This American Debacle

The outstanding reporting (and show tune!) by Planet Money, This American Life, and ProPublica is not getting enough attention. Their recent report on Magnetar’s role in the financial crisis is incredibly revealing. It explains how the CDO market grew so big despite the clear dangers.

In late 2005, the booming U.S. housing market seemed to be slowing. The Federal Reserve had begun raising interest rates. Subprime mortgage company shares were falling. Investors began to balk at buying complex mortgage securities. The housing bubble, which had propelled a historic growth in home prices, seemed poised to deflate. And if it had, the great financial crisis of 2008, which produced the Great Recession of 2008-09, might have come sooner and been less severe.

At just that moment, a few savvy financial engineers at a suburban Chicago hedge fund helped revive the Wall Street money machine, spawning billions of dollars of securities ultimately backed by home mortgages. …

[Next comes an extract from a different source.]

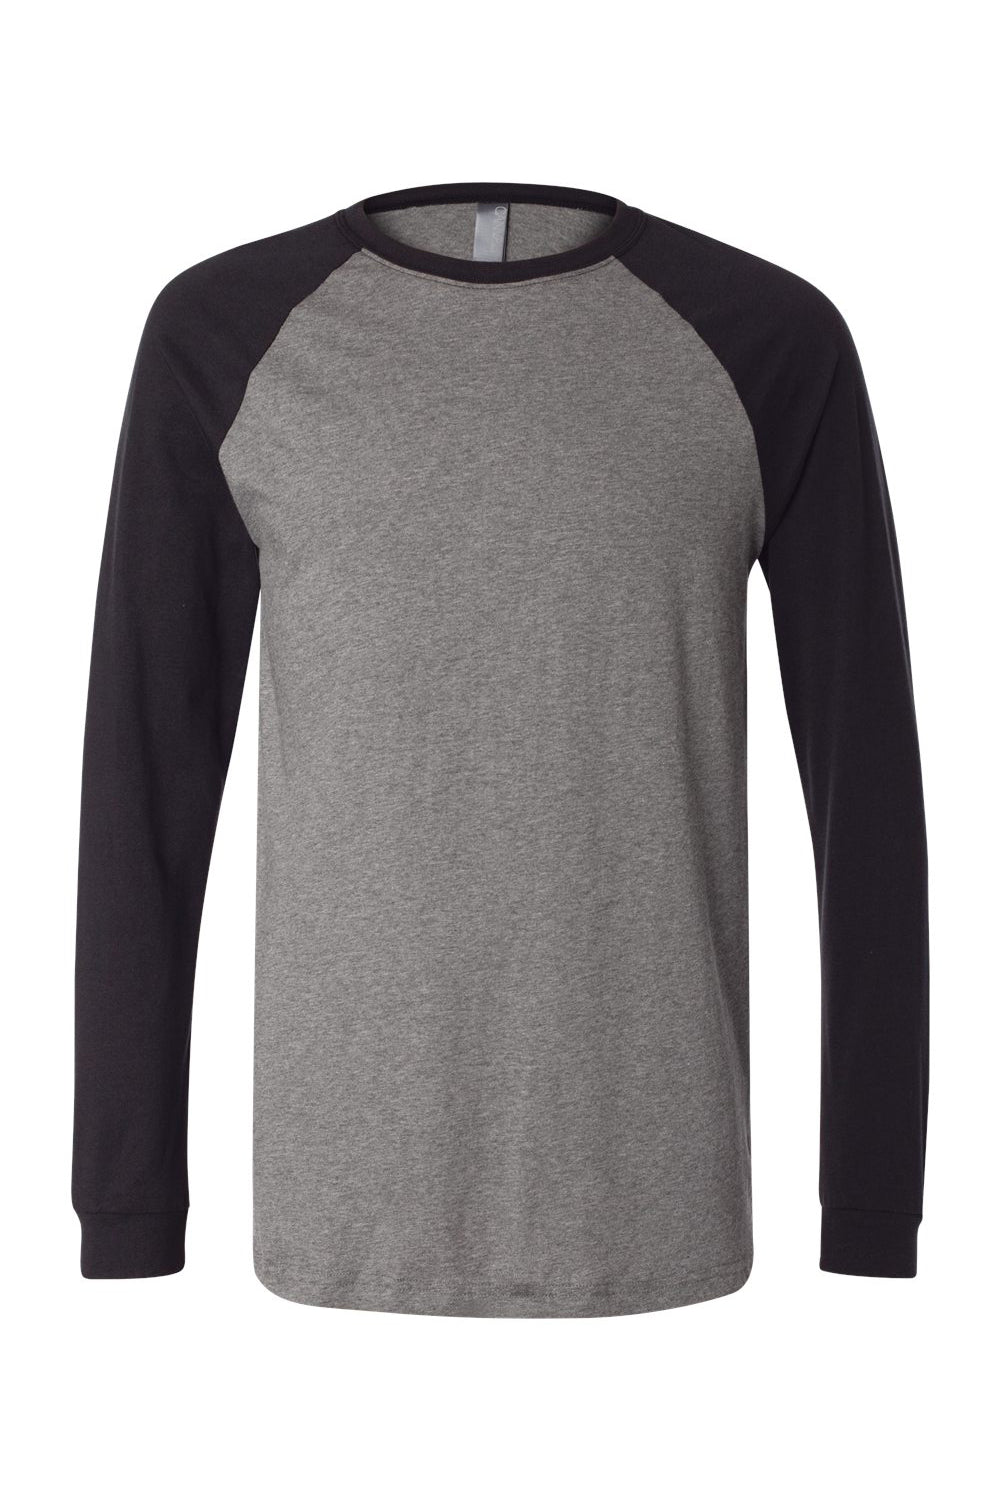 Bella + Canvas 3000C/3000 Mens Jersey Long Sleeve Crewneck T-Shirt Heather Deep Grey/Black Flat Front

According to bankers and others involved, the Magnetar Trade worked this way: The hedge fund bought the riskiest portion of a kind of securities known as collateralized debt obligations — CDOs. If housing prices kept rising, this would provide a solid return for many years. But that’s not what hedge funds are after. They want outsized gains, the sooner the better, and Magnetar set itself up for a huge win: It placed bets that portions of its own deals would fail. …

From what we’ve learned, there was nothing illegal in what Magnetar did; it was playing by the rules in place at the time. And the hedge fund didn’t cause the housing bubble or the financial crisis. But the Magnetar Trade does illustrate the perverse incentives and reckless behavior that characterized the last days of the boom.

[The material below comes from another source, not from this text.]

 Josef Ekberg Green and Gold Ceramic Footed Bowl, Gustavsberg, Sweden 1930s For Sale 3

I actually like that Magnetar exploited a market inefficiency. I don’t like that it contributed to the re-inflation (or further inflation) of a bubble. An increase in short selling (which is essentially what Magnetar was doing) is a signal of overpriced assets. The problem here is that the signal was not getting through. Instead of being amplified by increased short selling incentives were to muffle it by lack of transparency, disclosure, and financial instrument complexity. That I do not like.

It isn’t likely Magnetar was the only player in this game. The SEC says Goldman Sachs was in on it too.